The film premiered at the Harlem International Film Festival in May 2019. In June 2019, it screened in competition at the American Black Film Festival in Miami, and won the Jury Award for "Best Screenplay".

Cast
 JoiStaRR as Kalani Johnson
 Danny Glover as Mr. Rose
 Shaylin Becton as Bebe Johnson
 Ricky Flowers Jr. as Jacob Johnson
 Chelsea Lee Wiliams as Grace Johnson
 Warryn Campbell as The Pastor
 Tony D. Head as Mr. Stokes

Production 
Pre-production for the film began at Aletheia Films and Prodigium Pictures in early 2017. Writer Sha-Risse Smith set out to make an inspirational film: "I wish I had a film like this when I was going to boarding school. [...] I want people to watch this and say, if Kalani can do this I can too." Glover joined the film in pre-production as Mr. Rose, a pivotal character for the film.

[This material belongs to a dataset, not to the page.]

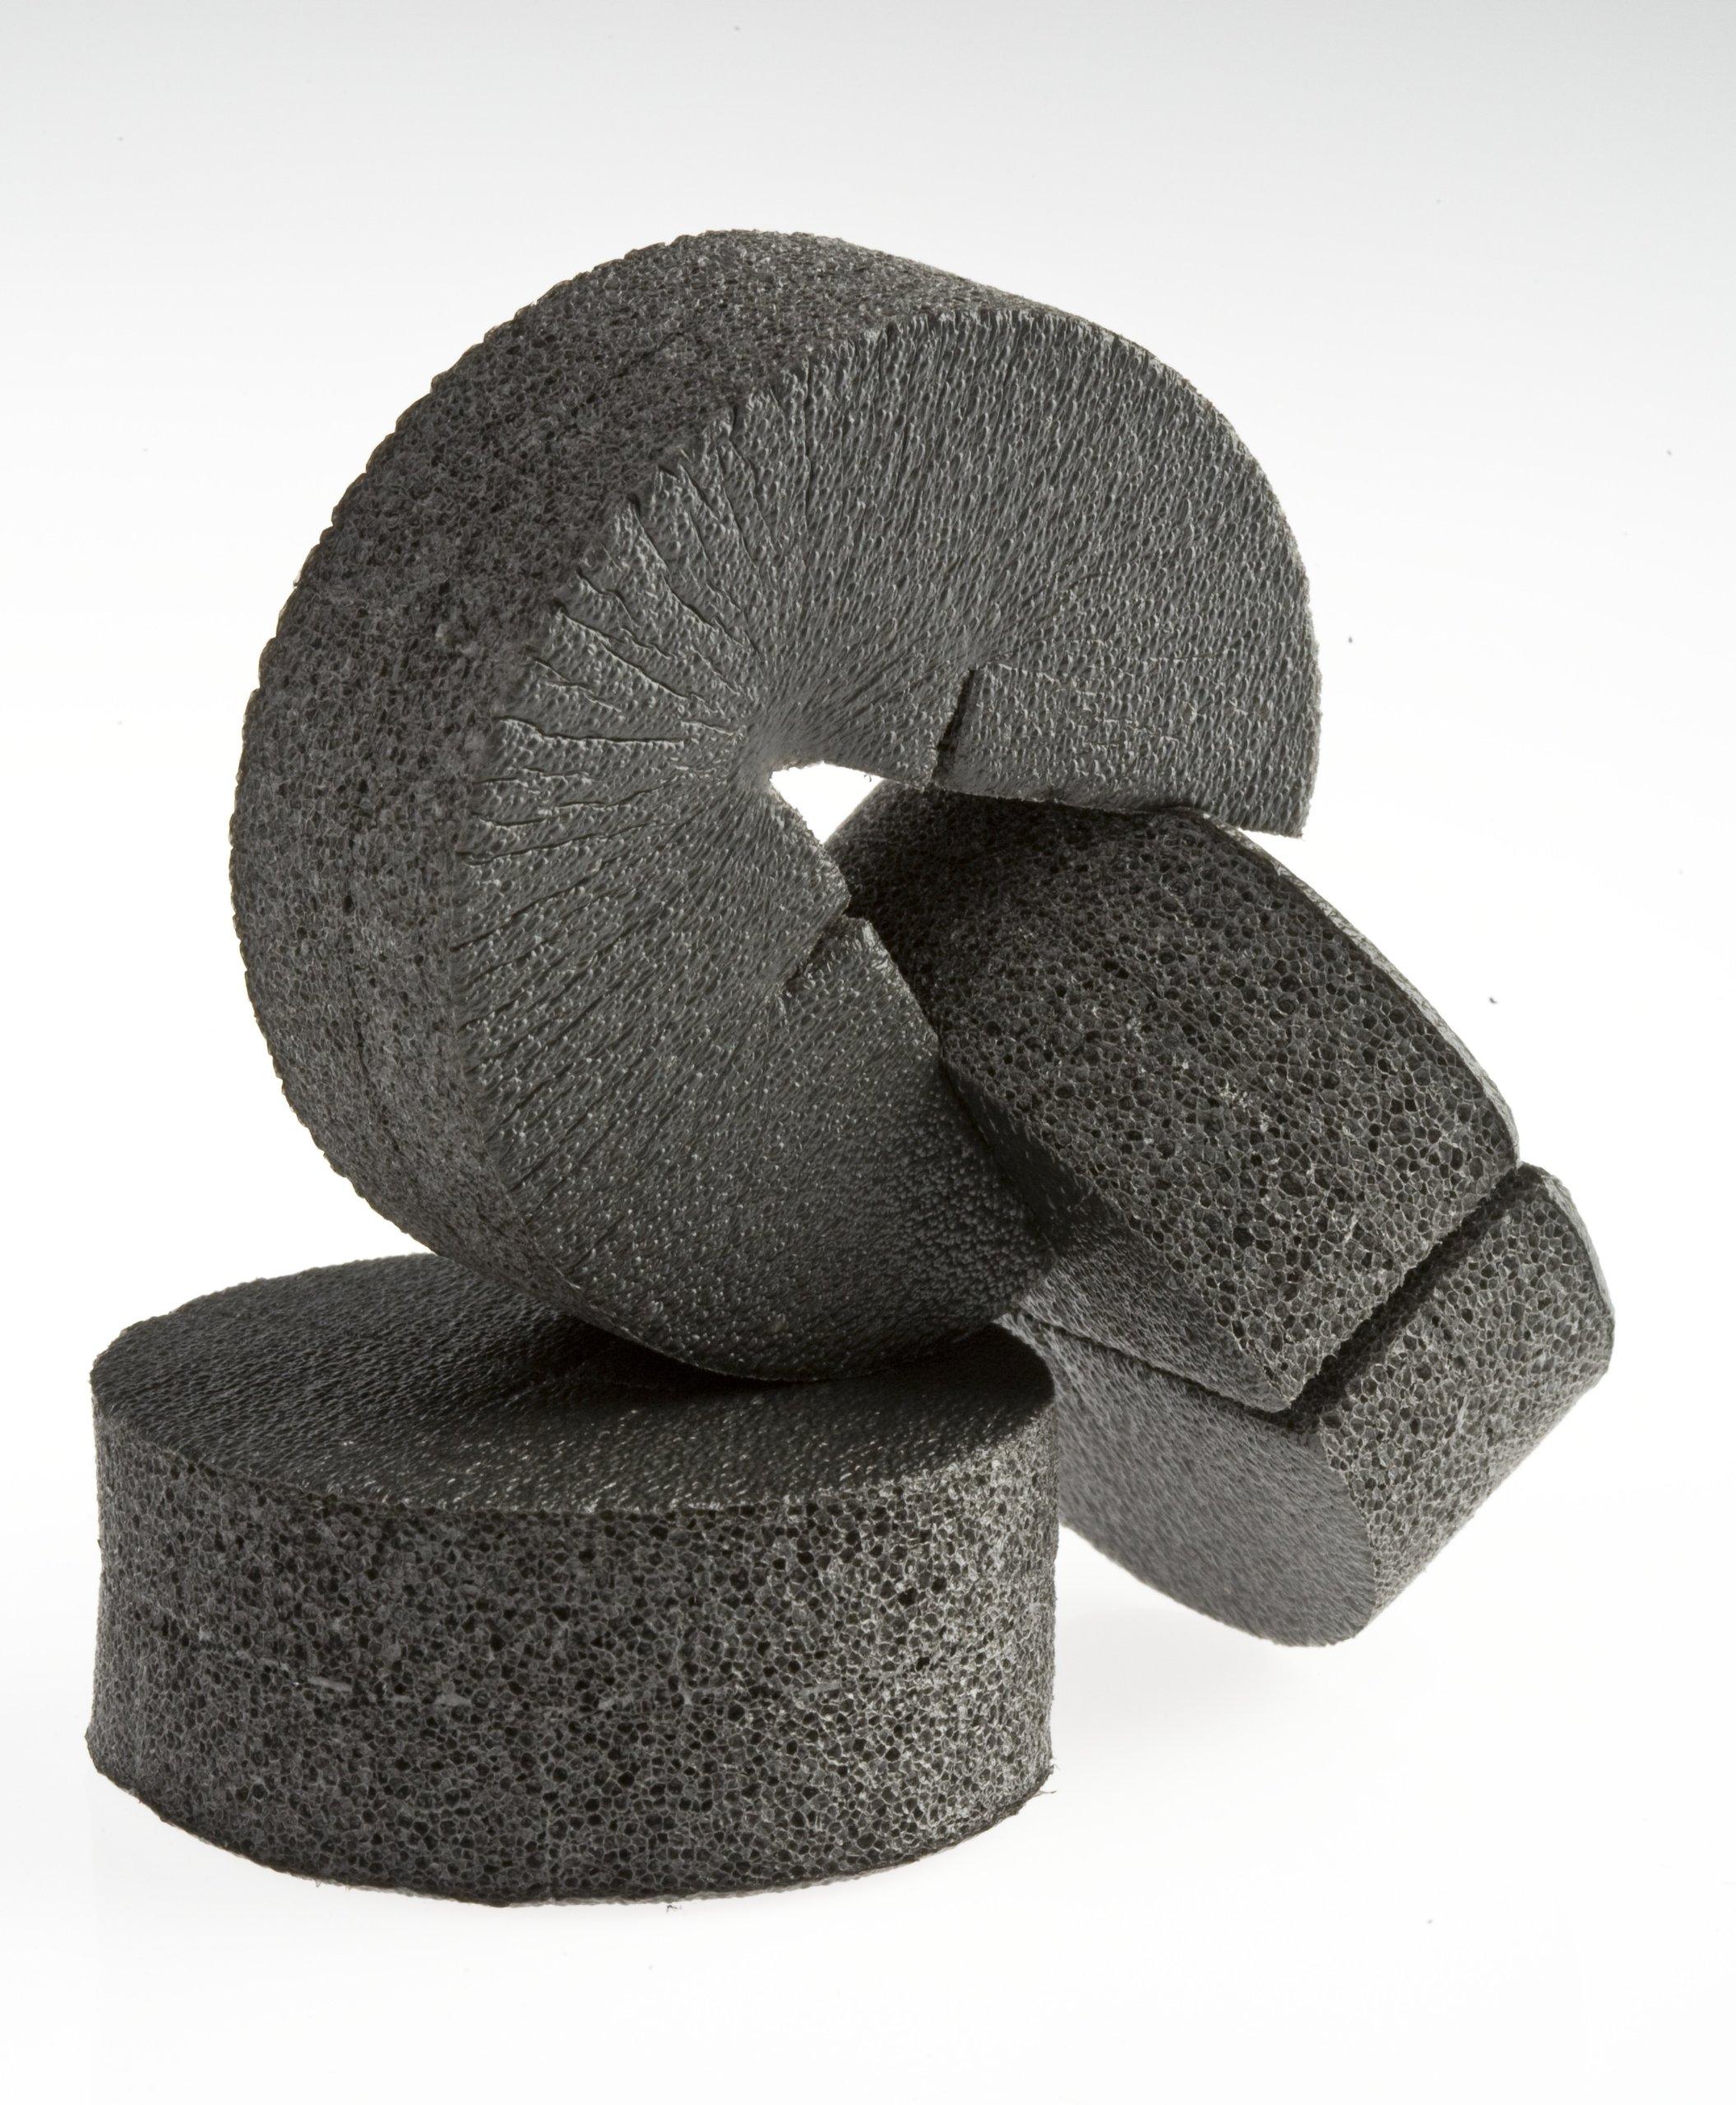 EZ-CLONE 280 Hard Plant Cloning Collars

Strive was shot on location in Harlem later that summer, hiring cast and crew that was mostly New York City-based. The events of the film loosely take place around the housing projects of the Polo Grounds Towers in Coogan's Bluff. The namesake for the film is Striver's Row. Filming took place in and around both of these locations. Residents and community leaders of Harlem were consulted to the choice of locations and depictions of characters.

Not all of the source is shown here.